**EXCERPTED RECORDS:**
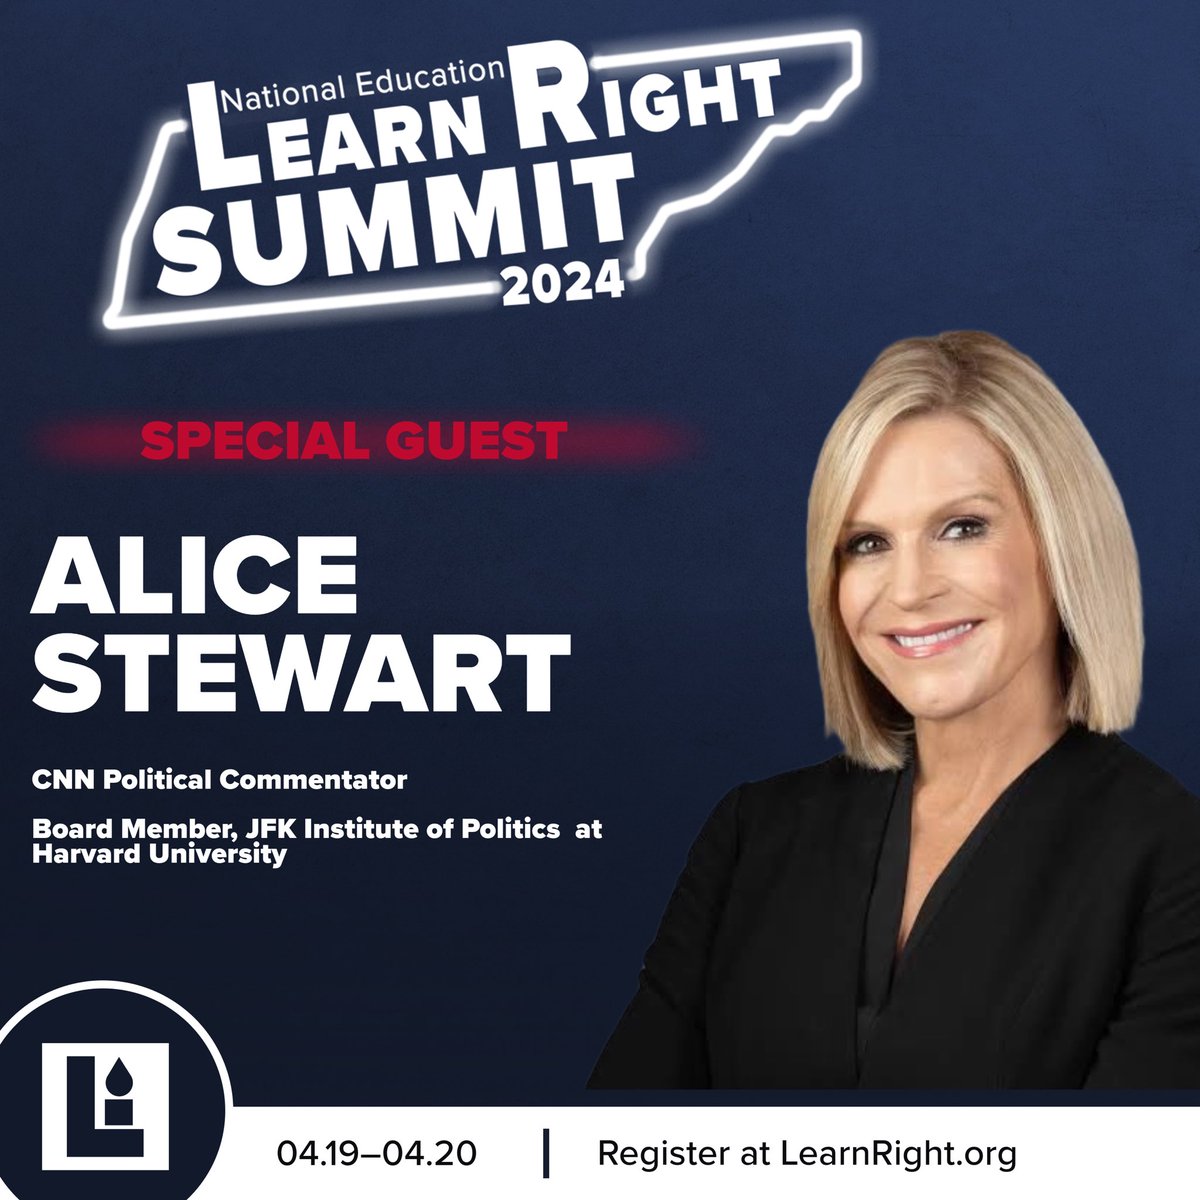 Excited to announce @AliceStewartDC 
 will be joining us at the #learnright24 summit next week in Nashville, TN!

Registration is still open! Get your spot today at 
Learnright.org

@LeadershipInst 

#learnright #learnleadwin #schoolboard #leadership #leadershipinstitute
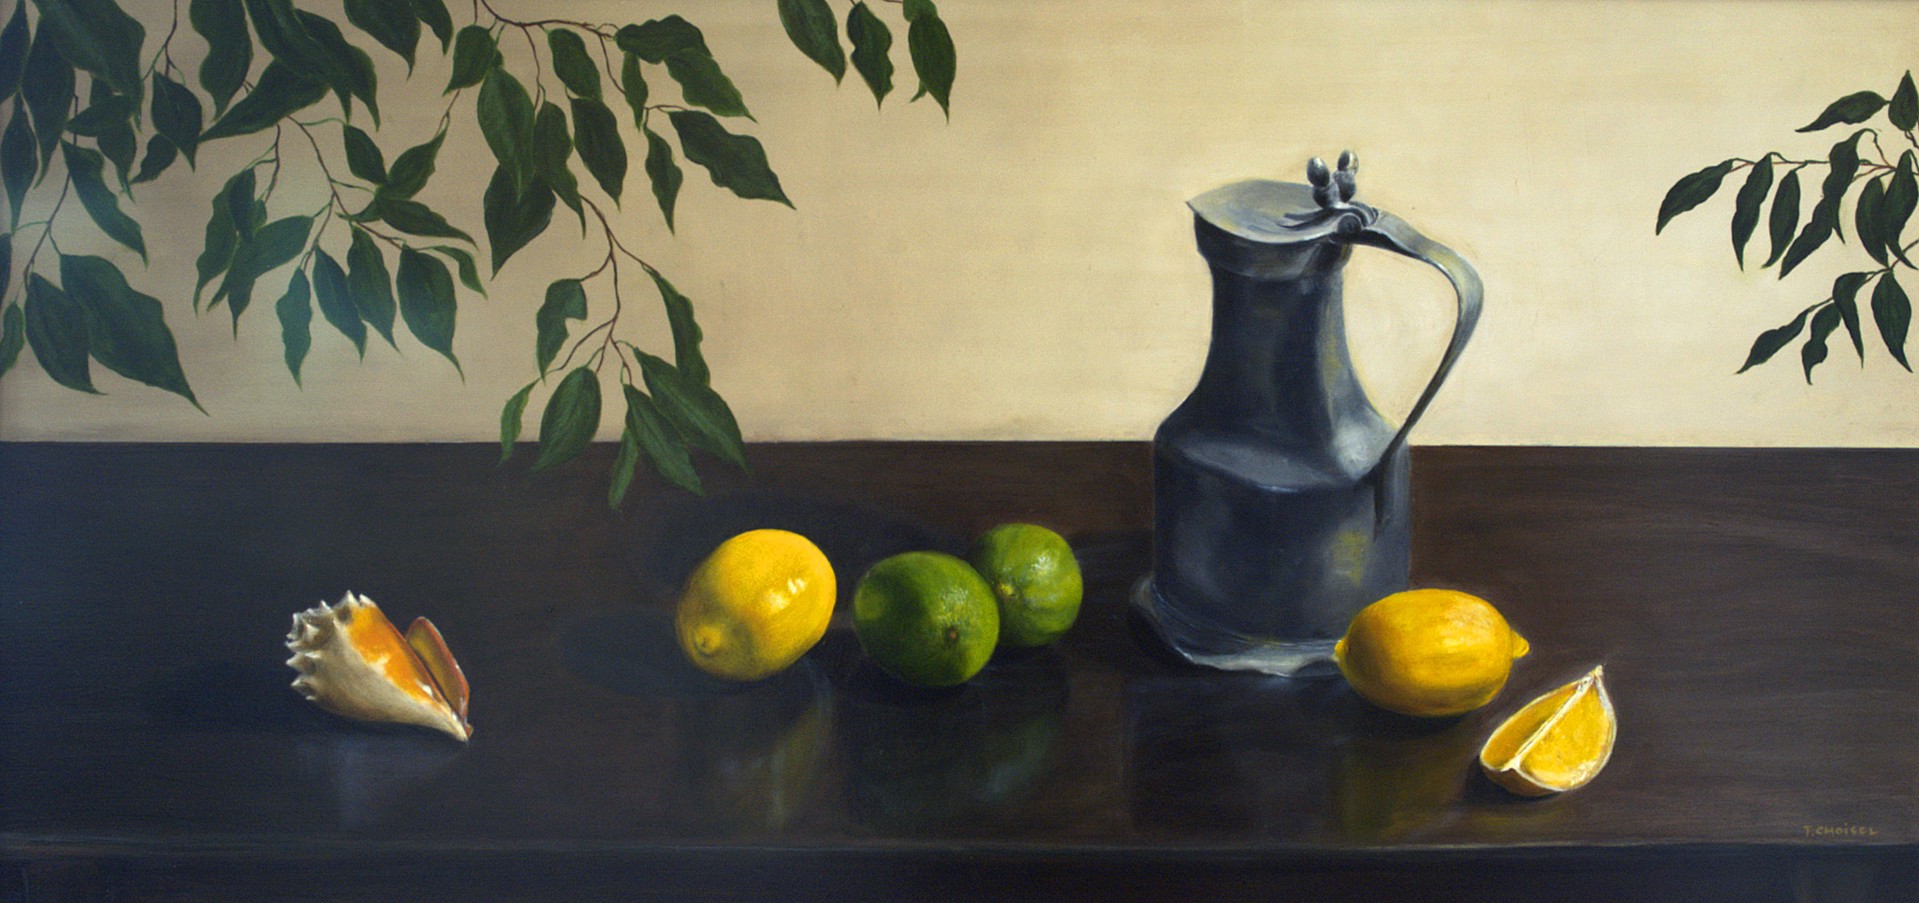 Pitcher, Shell and Lemons on Table by Frederic Choisel
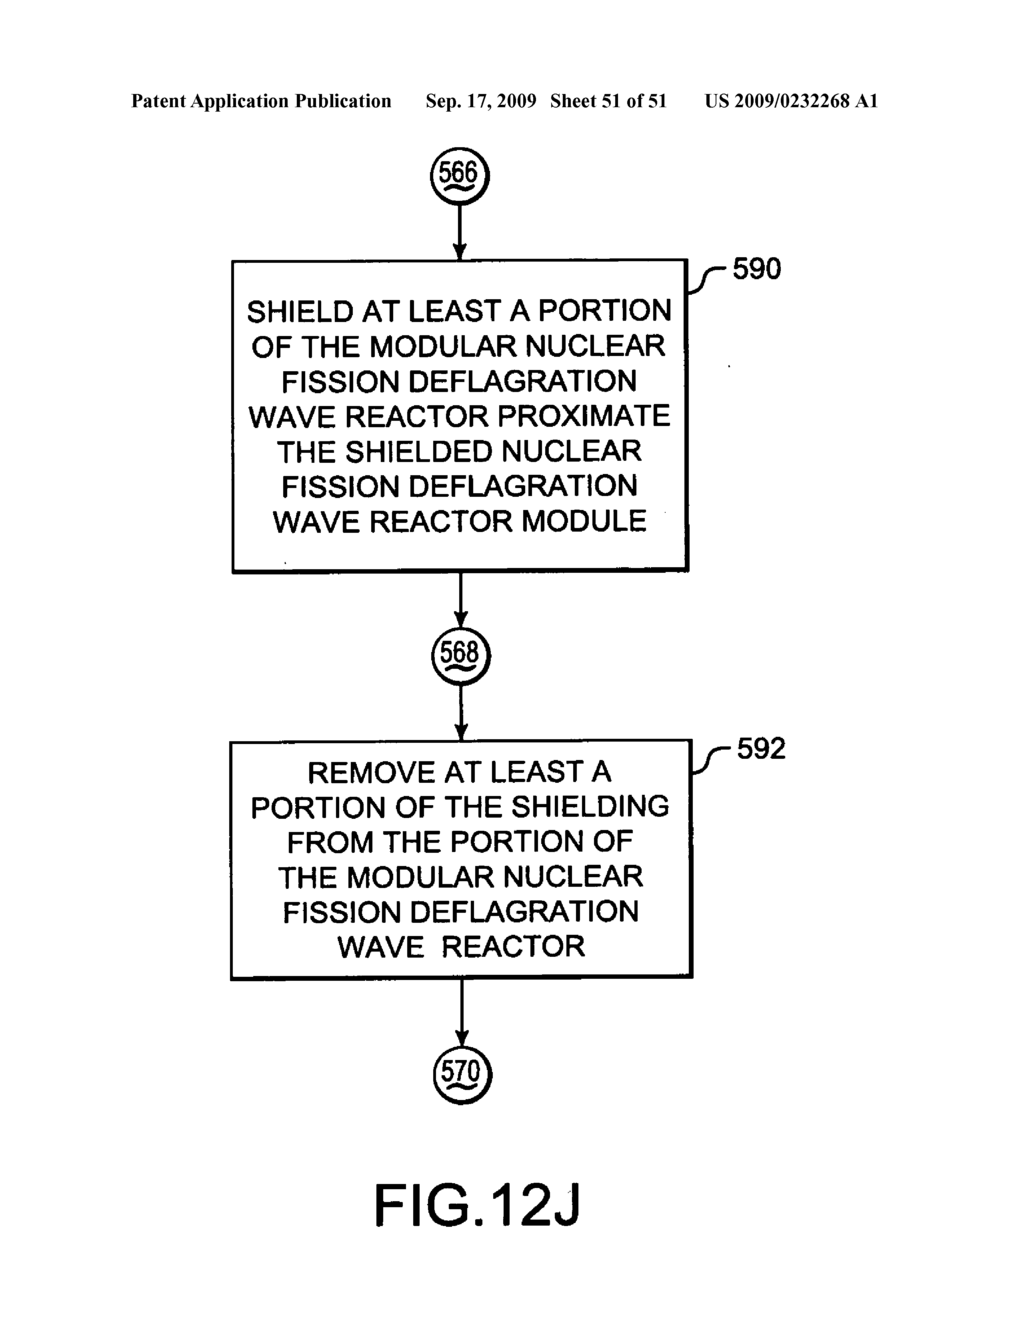 System and method for operating a modular nuclear fission deflagration wave reactor - diagram, schematic, and image 52

**AIM OF THE EXERCISE:**
From the line containing "Pitcher, Shell and" to the last line of the material, every line is to be reproduced exactly. No picture belongs in the copy.

**RESULT OF THE EXERCISE:**
 Pitcher, Shell and Lemons on Table by Frederic Choisel
 System and method for operating a modular nuclear fission deflagration wave reactor - diagram, schematic, and image 52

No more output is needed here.